Rozpytania, wariografy, lokalne media, a nawet Służba Kontrwywiadu Wojskowego – to zestaw narzędzi, za pomocą których wojsko szuka źródeł Onetu po artykule dotyczącym nieprawidłowości w szeregach 7. Pomorskiej Brygady Obrony Terytorialnej (7PBOT) w Gdańsku. Oprócz tego dowódca WOT gen. Wiesław Kukuła przekonuje żołnierzy, że ze strony Onetu padli ofiarą technik wojny hybrydowej i działań podobnych do tych, które doprowadziły do śmierci dowódców Armii Krajowej.
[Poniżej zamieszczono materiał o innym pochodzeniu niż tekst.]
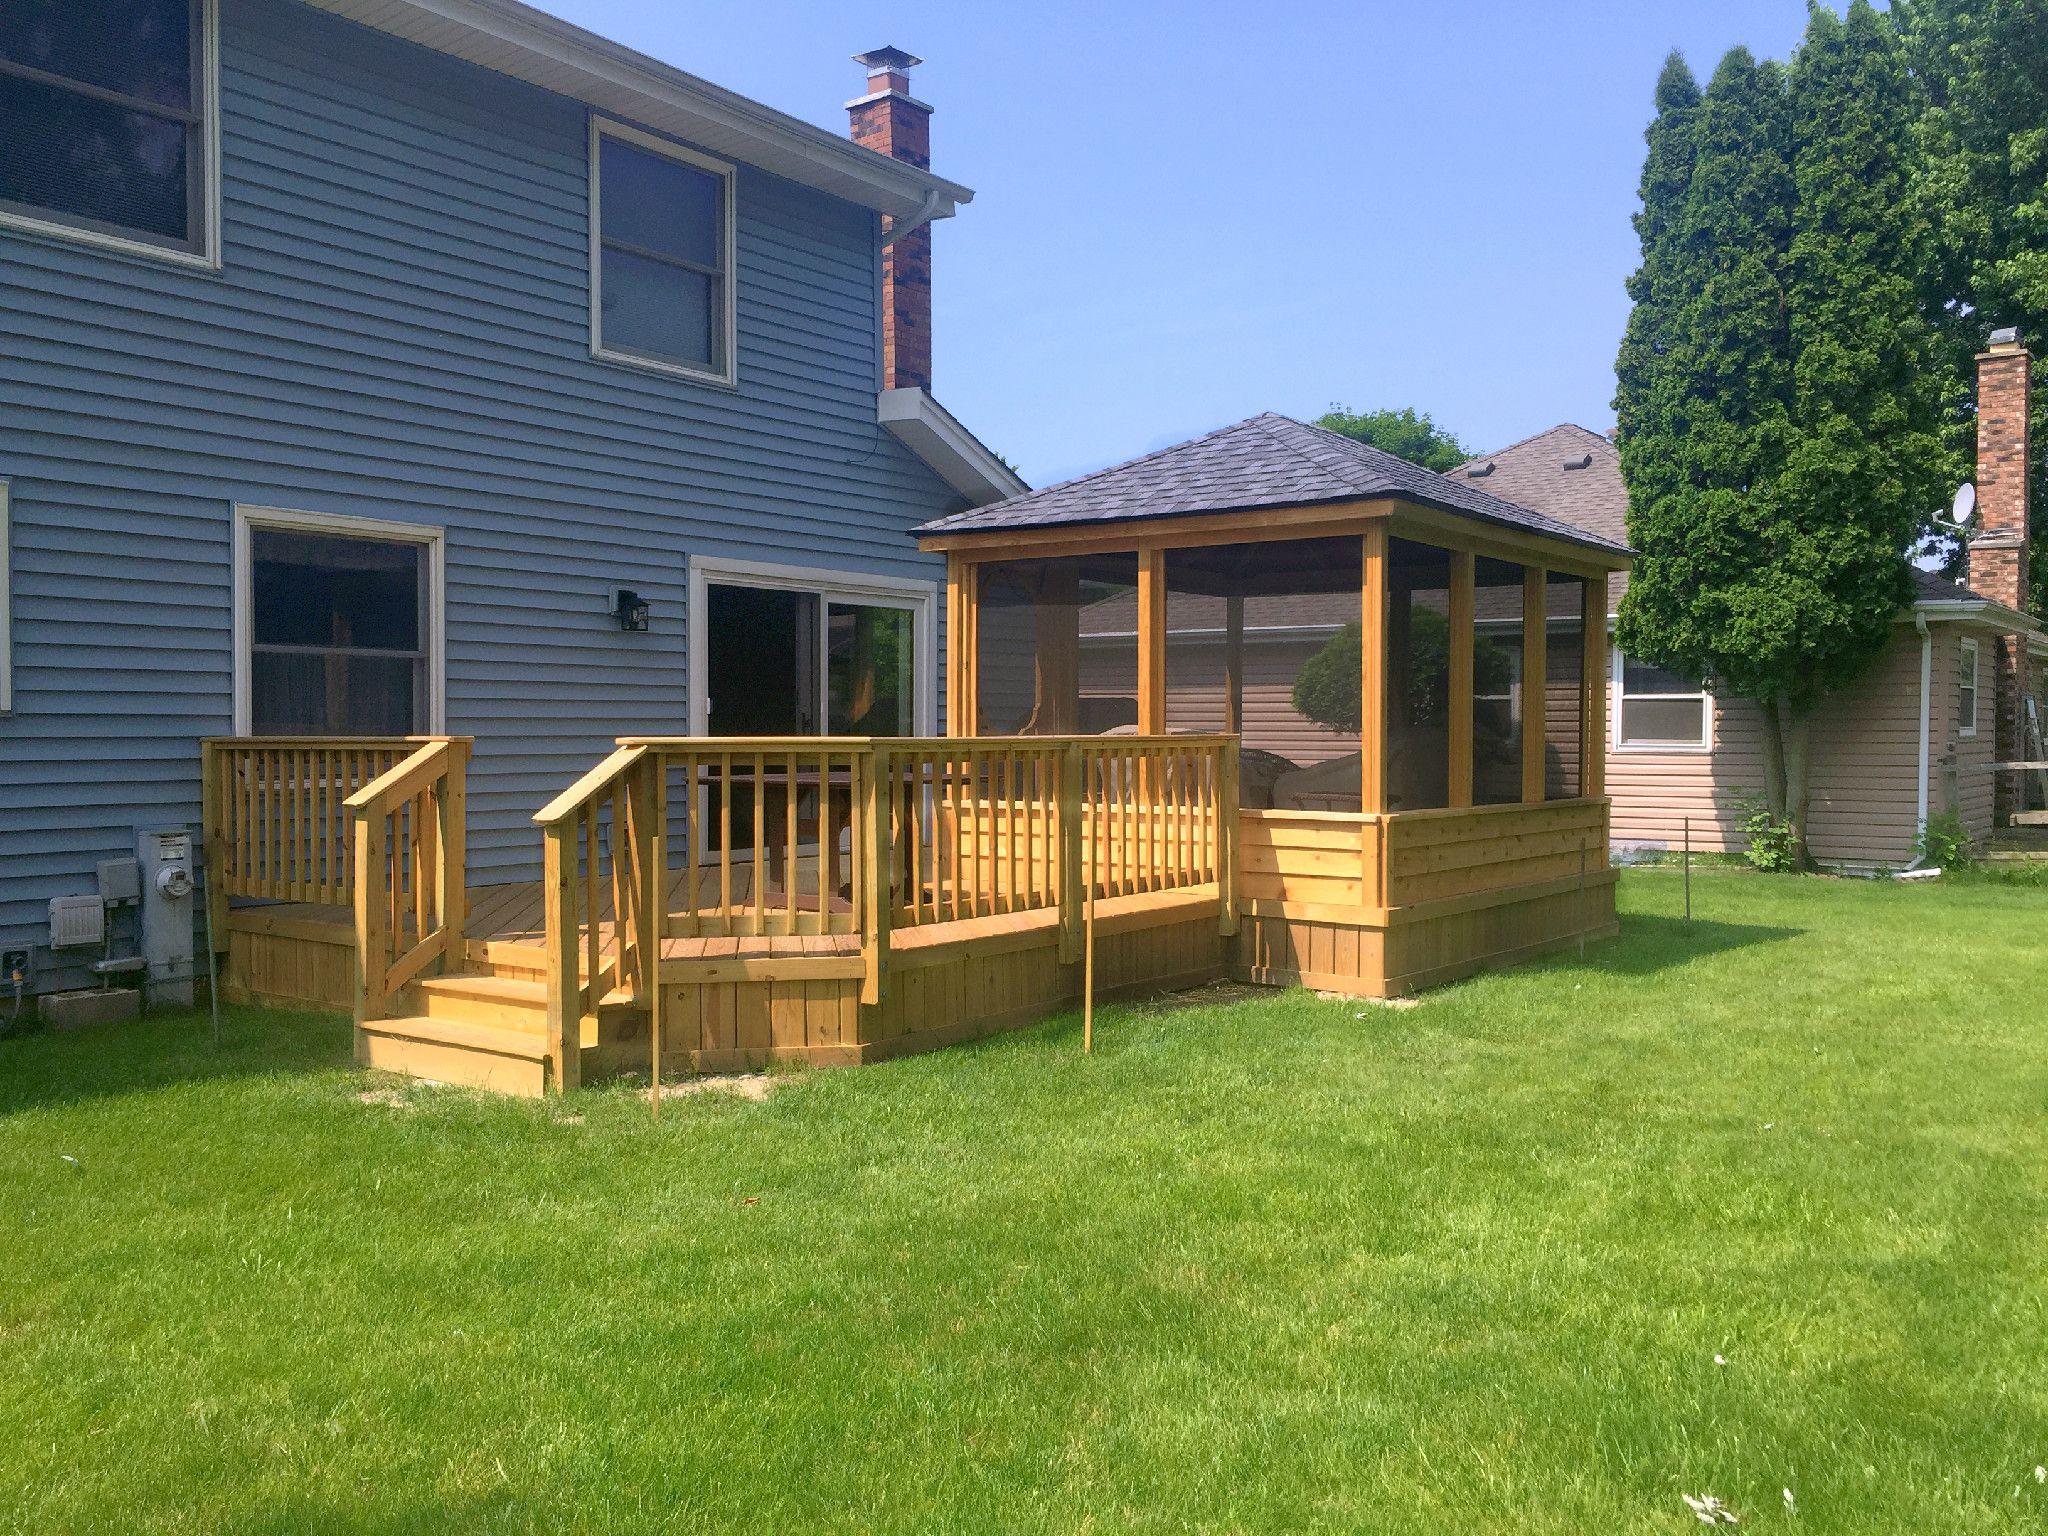 Enclosed Square Gazebo Design Idea With Wood Deck Backyard Gazebo Wood Deck Designs Gazebo Plans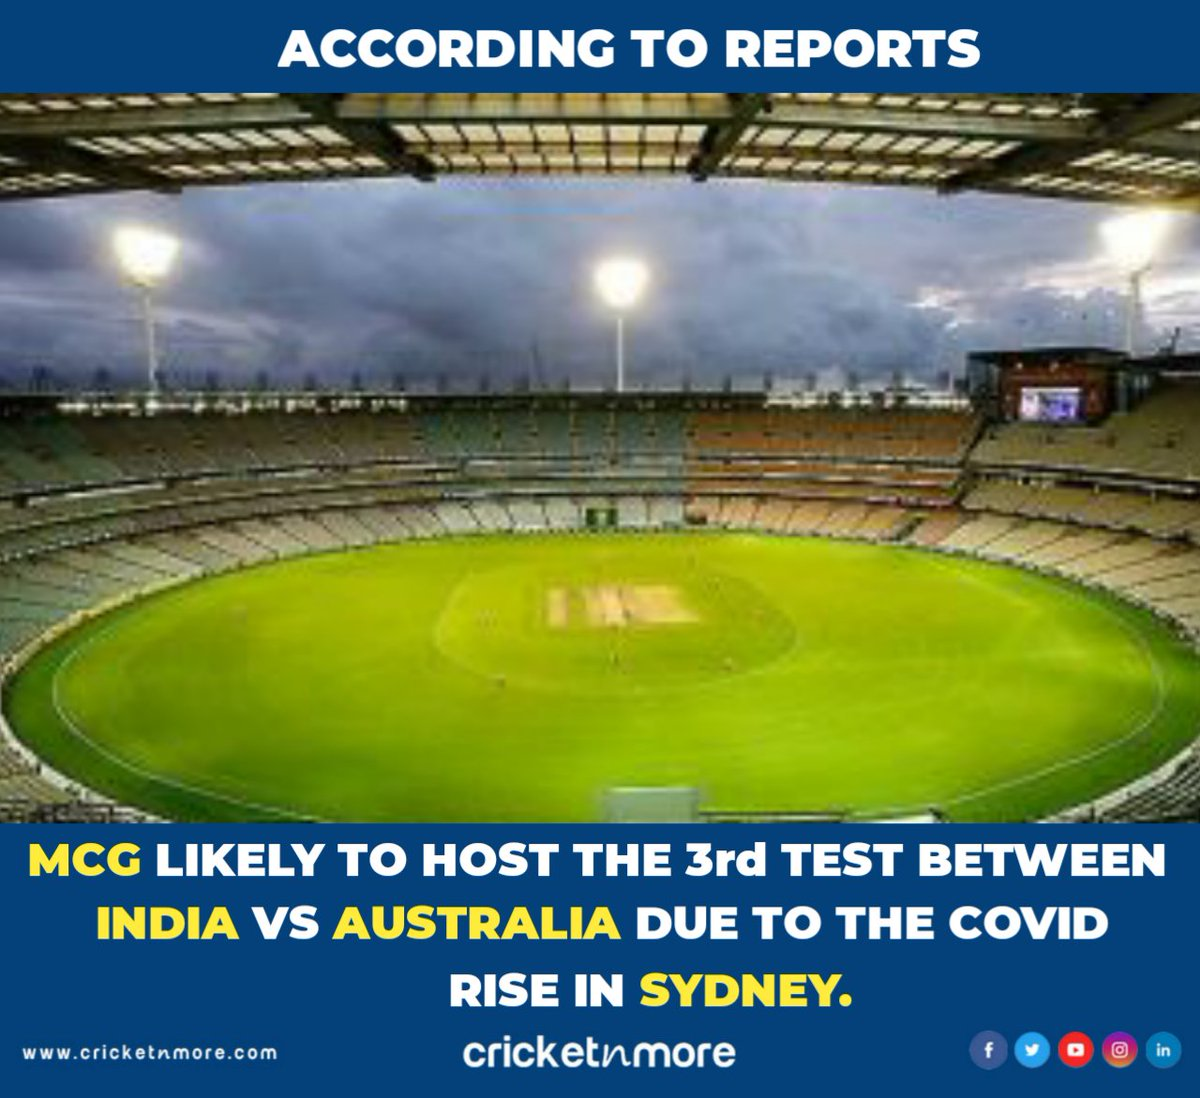 Melbourne Might Host The 3rd Test! . . #IndianCricket #TeamIndia #Aussie #AustraliaCricket #AUSvIND #NZVWI #SAvENG #mcg #scg

Na początku czerwca Onet opublikował artykuł "Wojska Obrony Terytorialnej: rodzina na swoim, żołnierze na prywatnym w Gdańsku". Wyliczyliśmy w nim szereg zjawisk i zdarzeń, które nie powinny mieć miejsca w żadnej mundurowej formacji.
Między innymi opisaliśmy zjawisko nepotyzmu, czyli zatrudniania i faworyzowania rodzin dowódców. Poinformowaliśmy, że w brygadzie pracują żona i zięć szefa sztabu ppłk. Tomasza Burzyńskiego, a dodatkowo służy tam jego córka. Wszyscy są wynagradzani licznymi premiami mimo wątpliwych kompetencji.